出演者たちのフジロックは、本番前の長い長い準備期間からすでに始まっている……。今年、多くのアーティストを発掘してきた登竜門的ステージ「ROOKIE A GO-GO」に初出演したバンド、MURABANKU。リーダーの土屋慈人さんが書き下ろす、リアルなフジロック体験記。後編はその前日譚をノーカットでたっぷりとお届け。当日の様子を綴った前編はこちら

フジロック出演を後押ししてくれた2つの「なくしもの」

「フジロック前日譚」文・土屋慈人(MURABANKU。)

初めて「すべてをここに置いてきた」と思える体験をした。

青い明かりに包まれる苗場の空気が脳裏に今でも焼き付いている。

MURABANKU。のスチャラカコアが、目の前いっぱいに広がる人の揺れにきらきらと煌めいていた。

まさに”お守り”になるような、そんな瞬間をフジロックからもらった。

あれから約2カ月が経とうとしている。前編の「フジロック冒険譚」では当日の記録を文章にしてみた。

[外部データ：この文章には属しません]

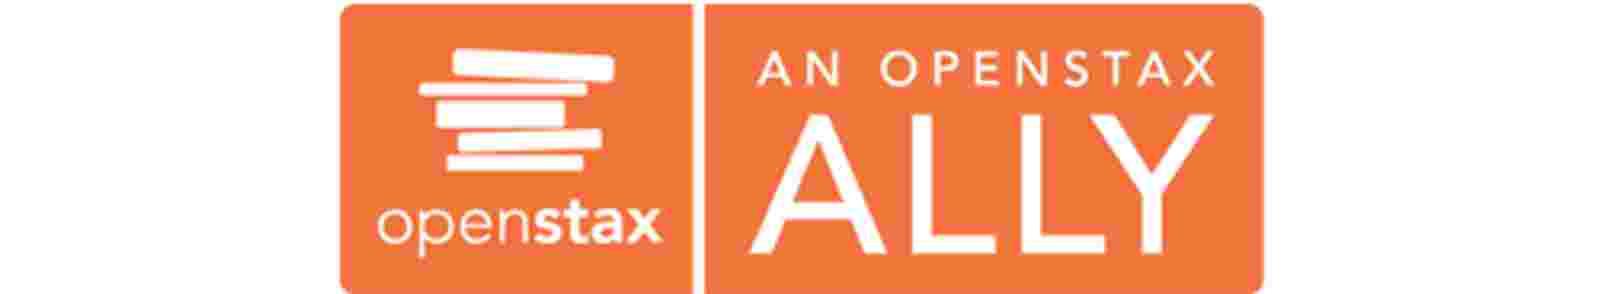 openstax logo

一方で、今回はよりパーソナルな視点から、あの時の日常を振り返ってみようと思う。

──────そう、これはMURABANKU。がフジロックに出演するまでに私が送った「前日譚」。そして、出演に向けて後押ししてくれたかのような2つの「なくしもの」に捧げるエッセイである。

①自転車

自転車が壊れた。お気に入りの自転車が壊れた。

ペダルを漕いでも前に進まない。もう地面を蹴って進むしかない。

夕暮れに染まる住宅地で、なんともシュールで不気味な光景であった。

ある日突然、一番身近な存在が私の日常からいなくなってしまったのである。

AAAAAAAAAA

特に何も起こらない退屈な日常に、虚無だけが拡張されていく。

忙しいのか暇なのかわからない毎日。いや、暇か。

畳んだままの布団に寝転び、何もない平日の昼の天井を眺め、何もないまま過ごしていた。しかし、このままでは良くない!と壊れた自転車のことをふと思い出し、近所の自転車屋さんへ持ち込むことにした。もう、あれから数カ月経ってしまっていた。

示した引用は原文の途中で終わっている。